И кстати сказать, на средства, собранные семьями моряков-подводников, была построена подлодка. И нарком ВМФ дал приказ присвоить ей название. До этого названия давали лишь крейсерам, линейным кораблям, а подлодке было положено только литерно-цифровое наименование. И получила она очень символическое имя – «Месть». И уходила в море с нашей базы.

Сейчас эта база казалась мне родным домом. Хотя, по правде говоря, родным домом была для нас и наша лодка. Искалеченная, беспомощная, она связывала нас с Родиной – не очень далекой, но практически недосягаемой.

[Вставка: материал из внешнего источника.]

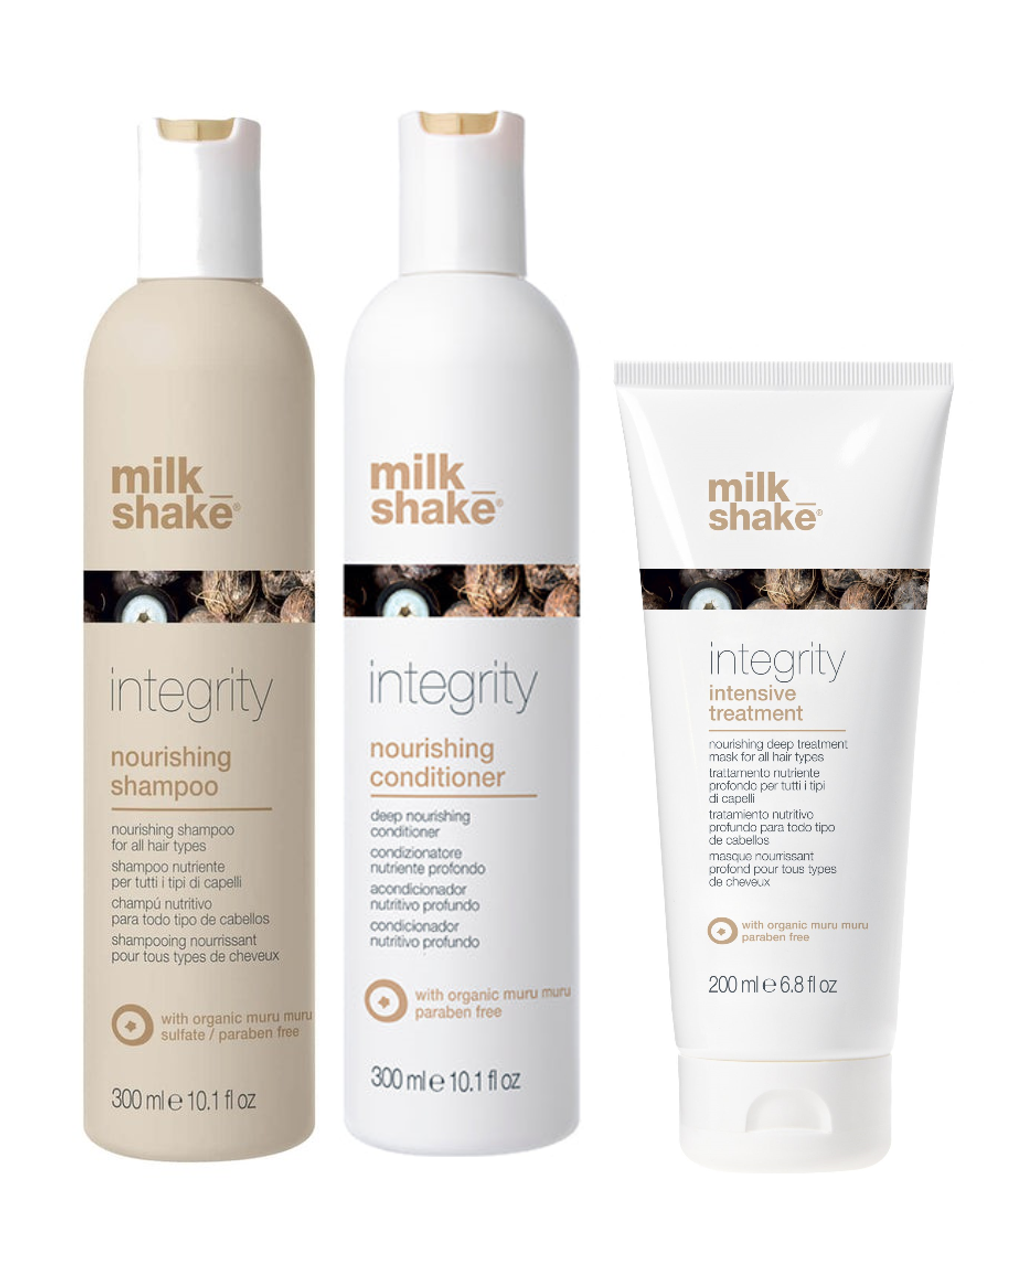 Milkshake Integrity Nourishing Shampoo & Conditioner & Intensive Treatment

Парус наш обвис, стал похож на деревенское лоскутное одеяло. Медленно дрейфуем в темноте. Море спокойно, чуть плещет в правый борт. Несу вахту сигнальщиком, вглядываюсь в северную ночь. Где-то там, вдали, неприветливый берег, маленькая норвежская деревушка. Возле нее – немецкий наблюдательный пост. Там не так давно мы высаживали на берег группу разведчиков и принимали на борт другую группу, «отработавшую» в тылу врага почти месяц.

Помнится это – будто вчера было… И помнится не только трудным заданием, пережитой опасностью, а еще и тем, что война (да и вся жизнь тоже) бывает шибко щедрой на неожиданности.

К примеру вспомнилось. Командир одной нашей «эски», что с Тихого океана к нам прибыл, идет себе по своим делам. Навстречу боец в шинели. Круглолицый такой сержант. Не очень ладный. Честь отдает – словно чайку от густых бровей отгоняет. Хотел уж было каперанг замечание сделать, а в глазах у бойца что-то знакомое засветилось… Сестра! Родная! Вот так встреча на войне!

Оказалось – кончила курсы радисток, направили ее на Северный флот. К родному брату. Да что говорить, мы все тогда родные были.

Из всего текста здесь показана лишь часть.